--- Collected material Enclosed Below ---

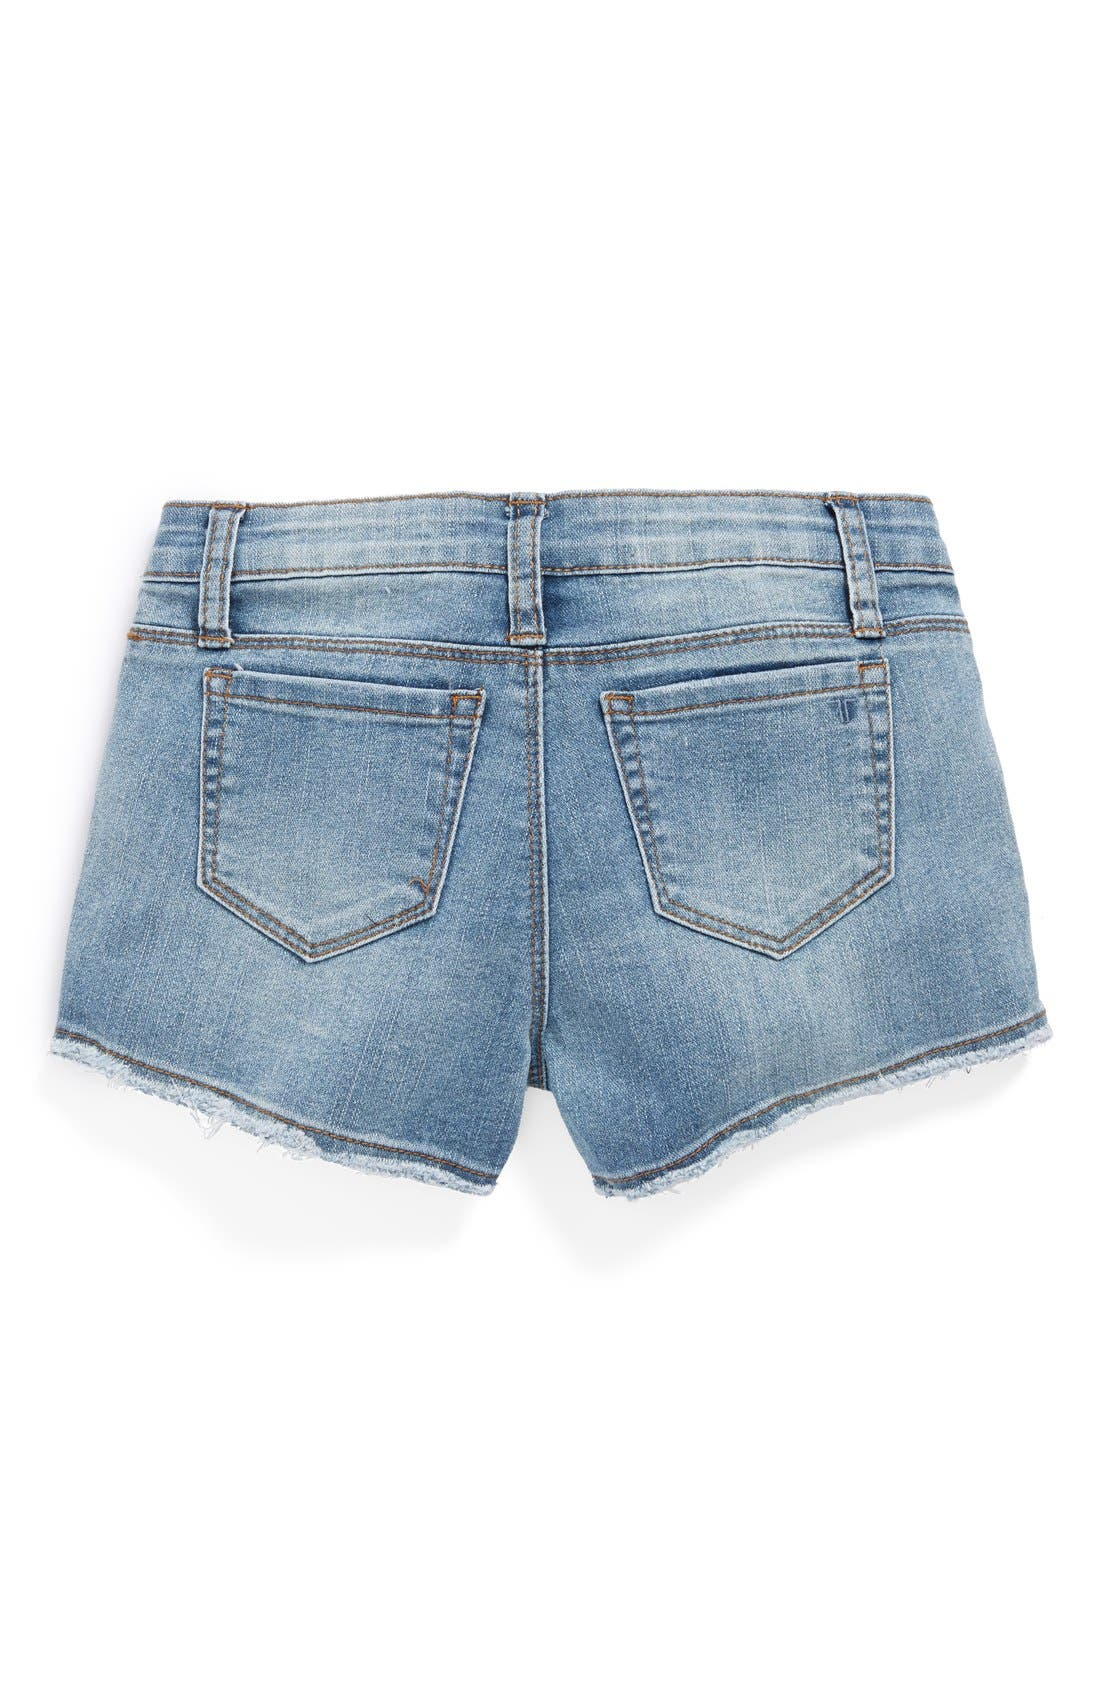 Alternate Image 1 Selected - Tractr Frayed Denim Shorts (Big Girls)
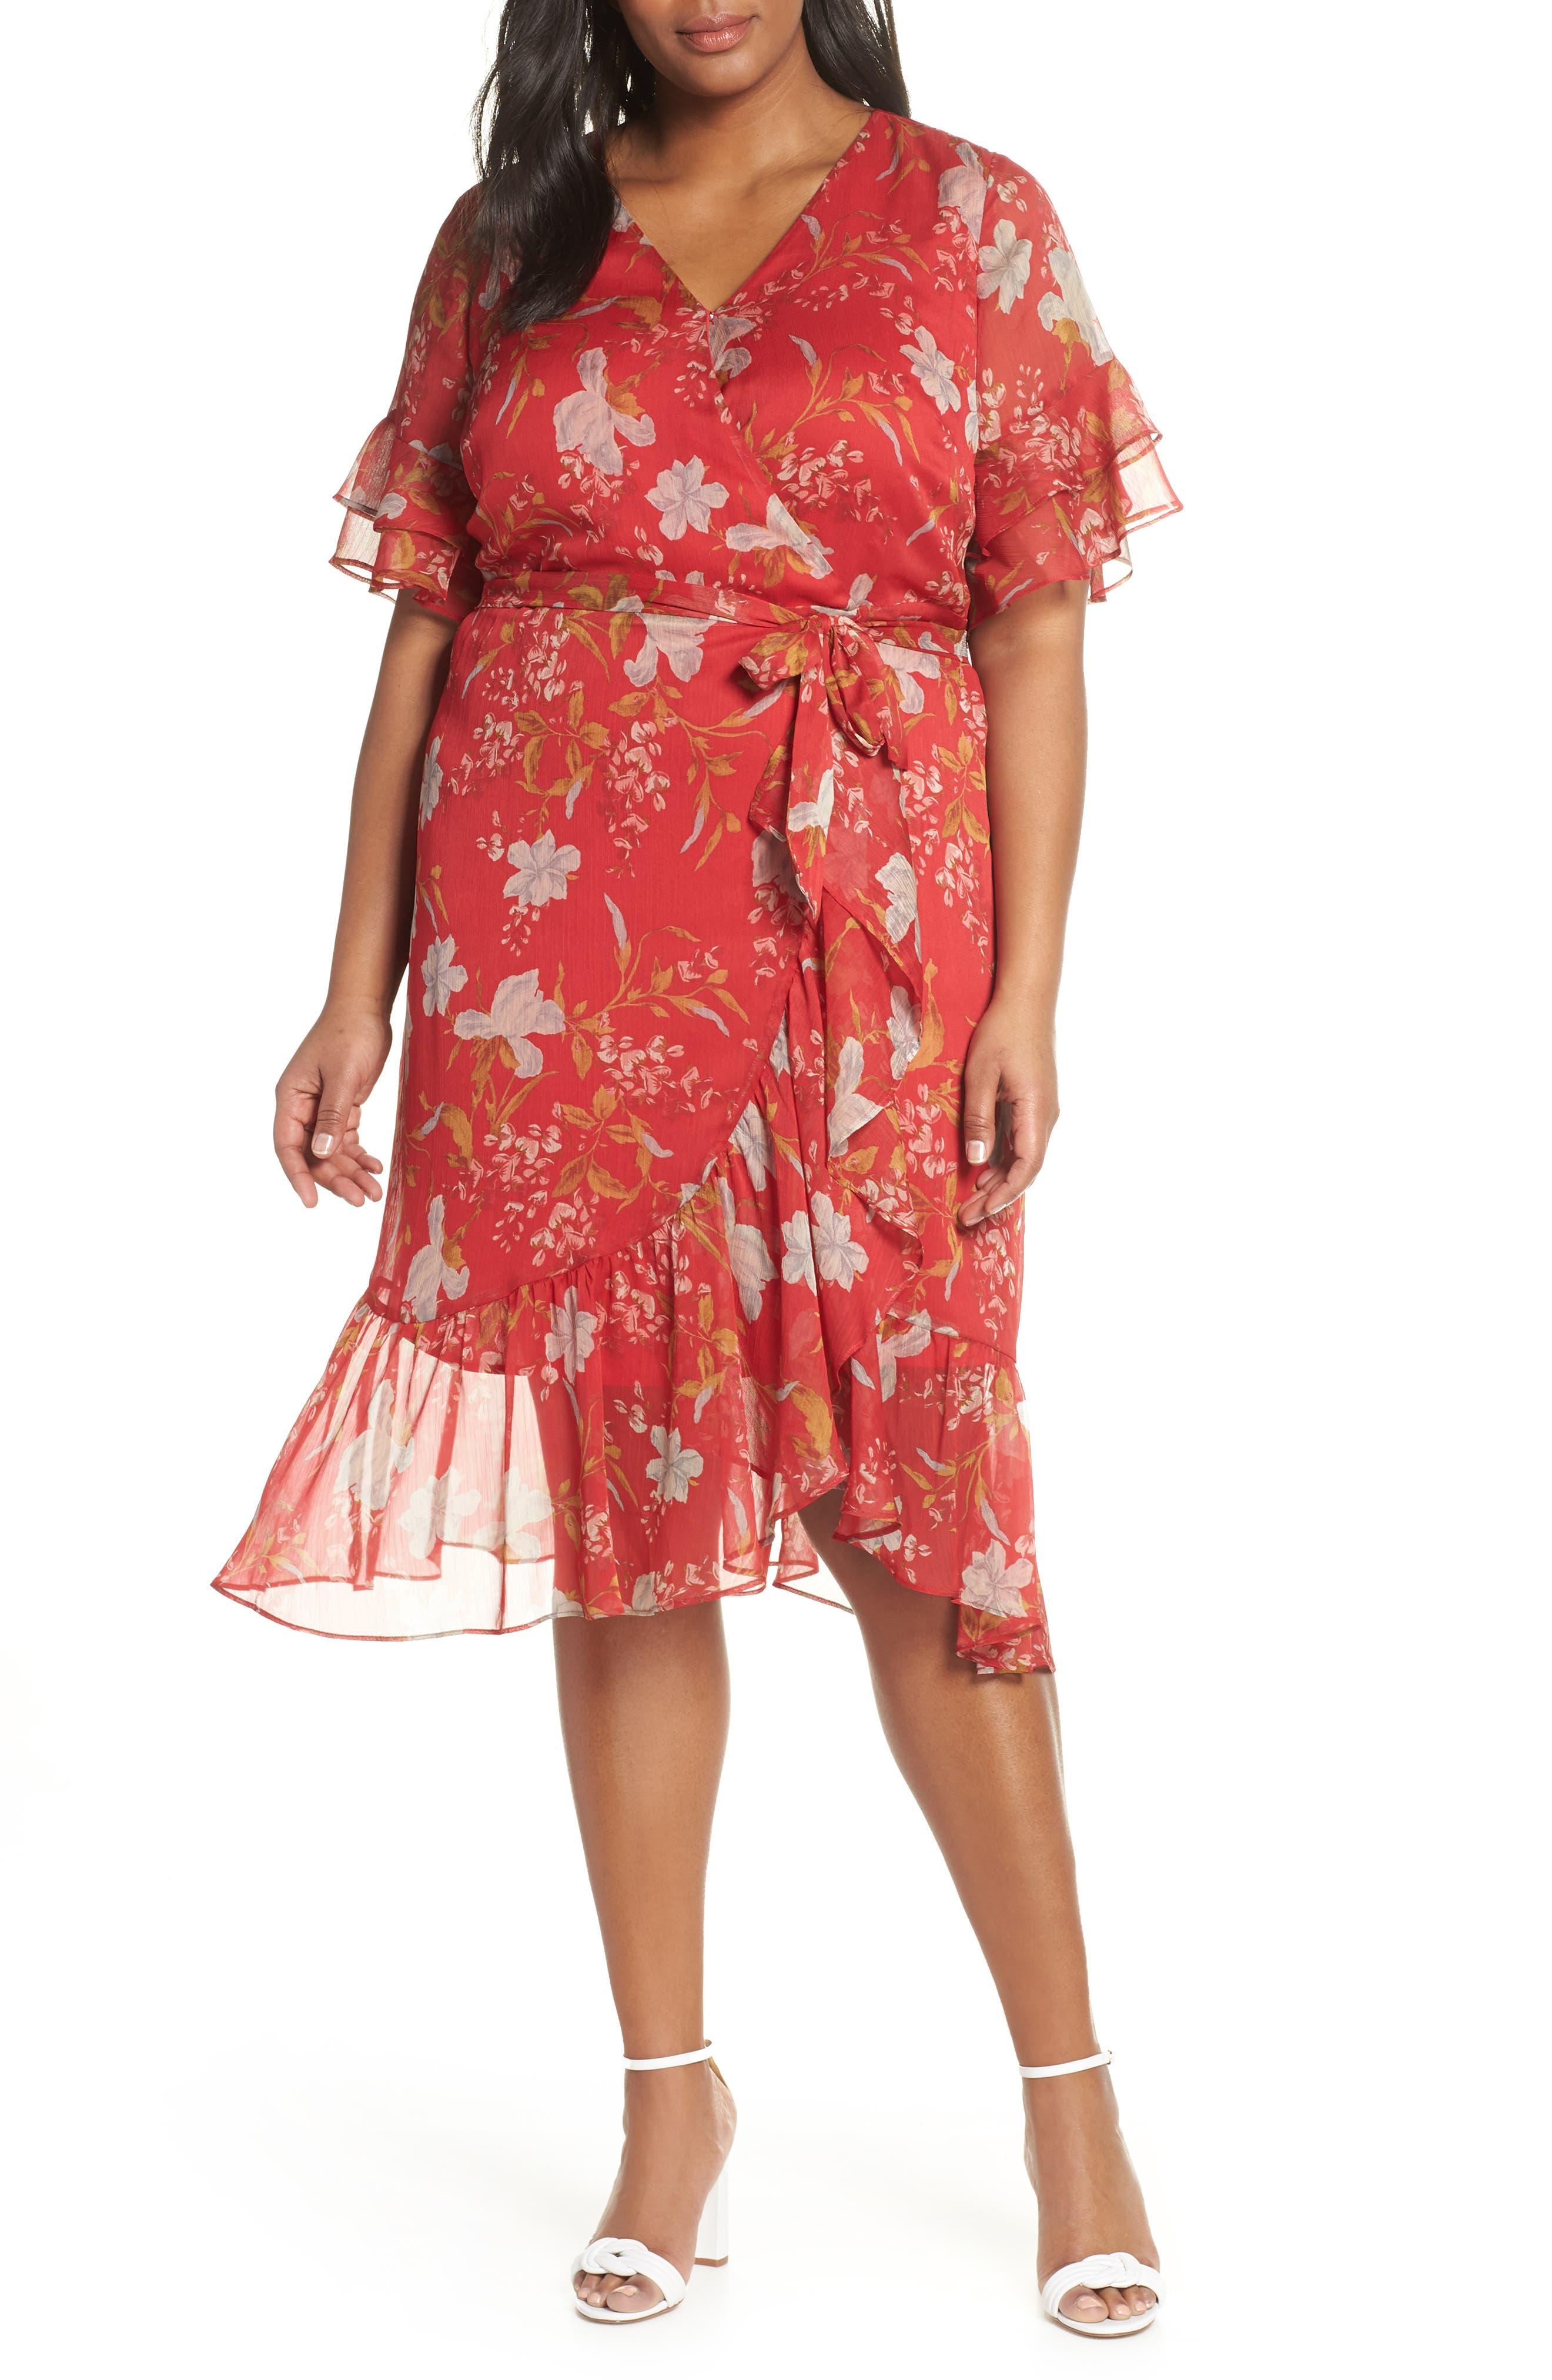 1930s Art Deco Plus Size Dresses   Tea Dresses, Party Dresses Plus Size Womens Vince Camuto Wildflower Tiered Ruffle Chiffon Dress Size 24W - Red $179.00 AT vintagedancer.com
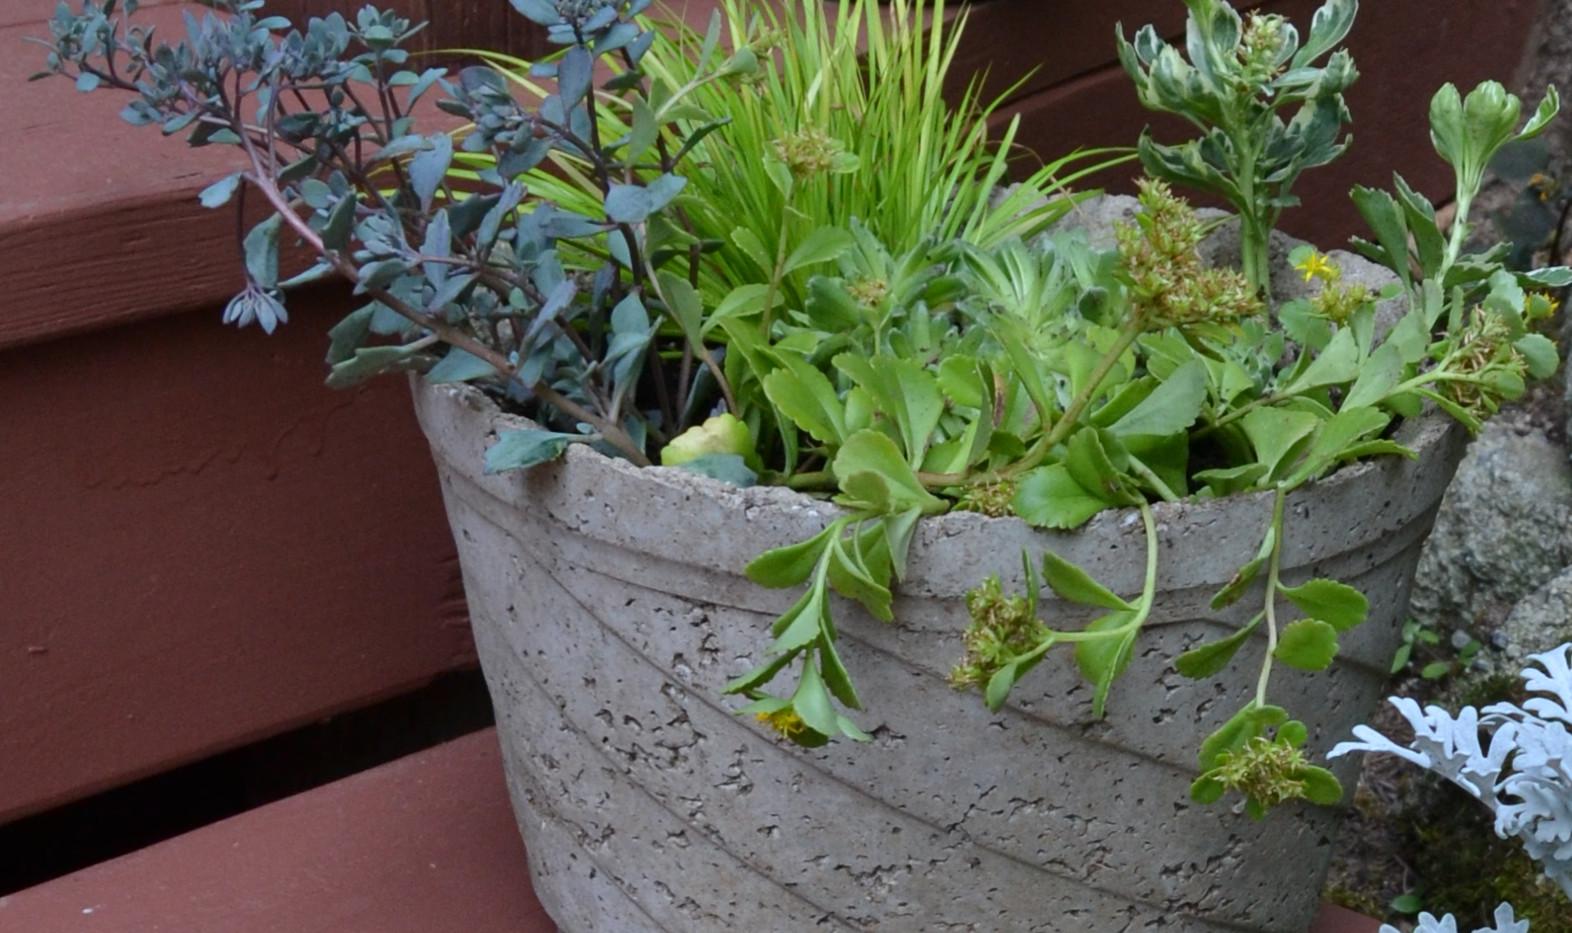 Succulent garden in handmade hypertufa pot. Prices range from $15 to $25
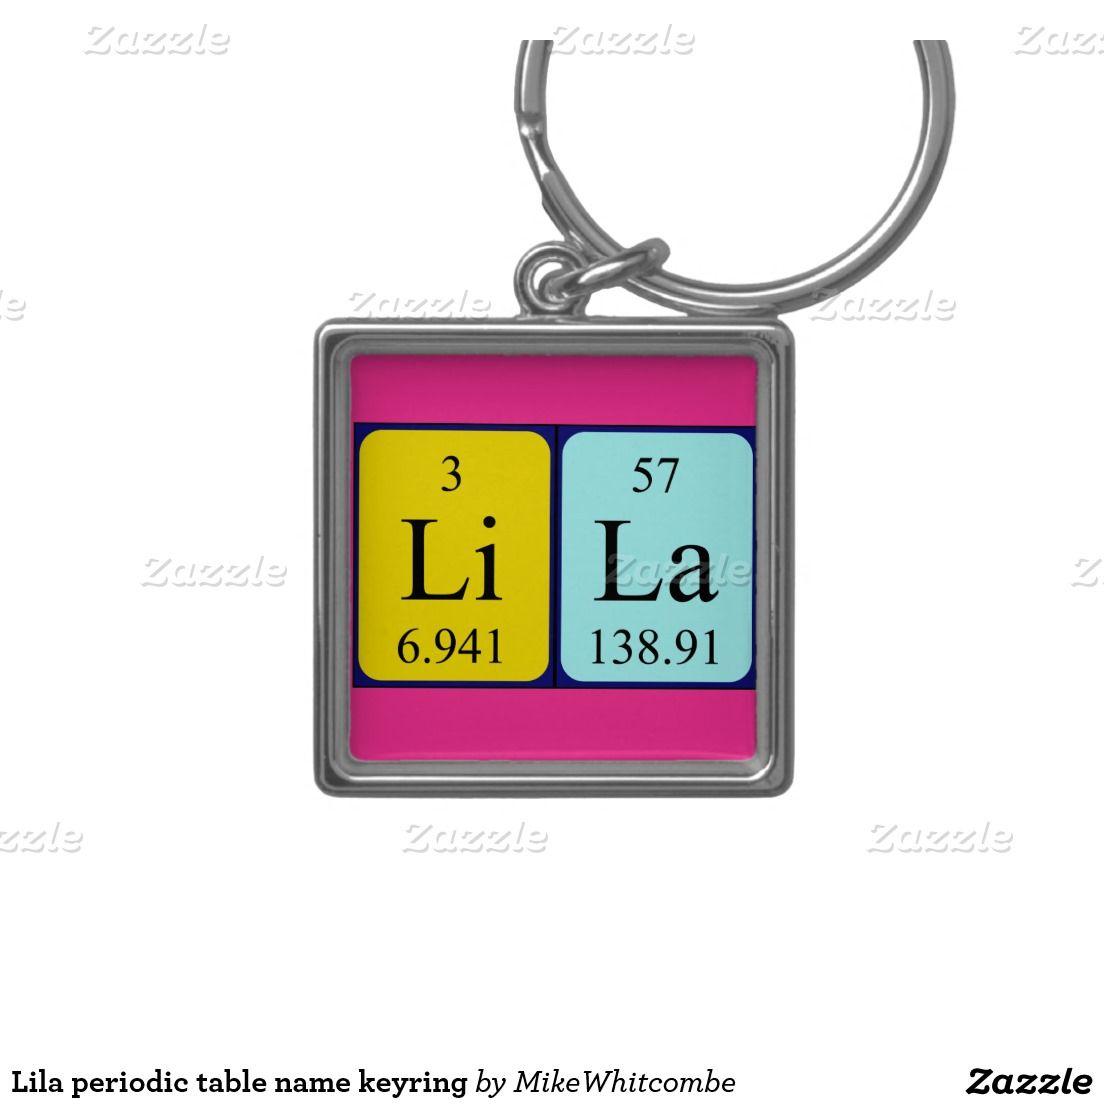 Lila periodic table name keyring silver colored square key ring lila periodic table name keyring silver colored square key ring urtaz Images

--- End of Enclosed Collected material ---

• _What this task involves_
For this exercise, output only the lines from the one bearing "1930s Art Deco" to the end of the material above, exactly as written, with pictures left out.

• _Solution to this task_
 1930s Art Deco Plus Size Dresses   Tea Dresses, Party Dresses Plus Size Womens Vince Camuto Wildflower Tiered Ruffle Chiffon Dress Size 24W - Red $179.00 AT vintagedancer.com
 Succulent garden in handmade hypertufa pot. Prices range from $15 to $25
 Lila periodic table name keyring silver colored square key ring lila periodic table name keyring silver colored square key ring urtaz Images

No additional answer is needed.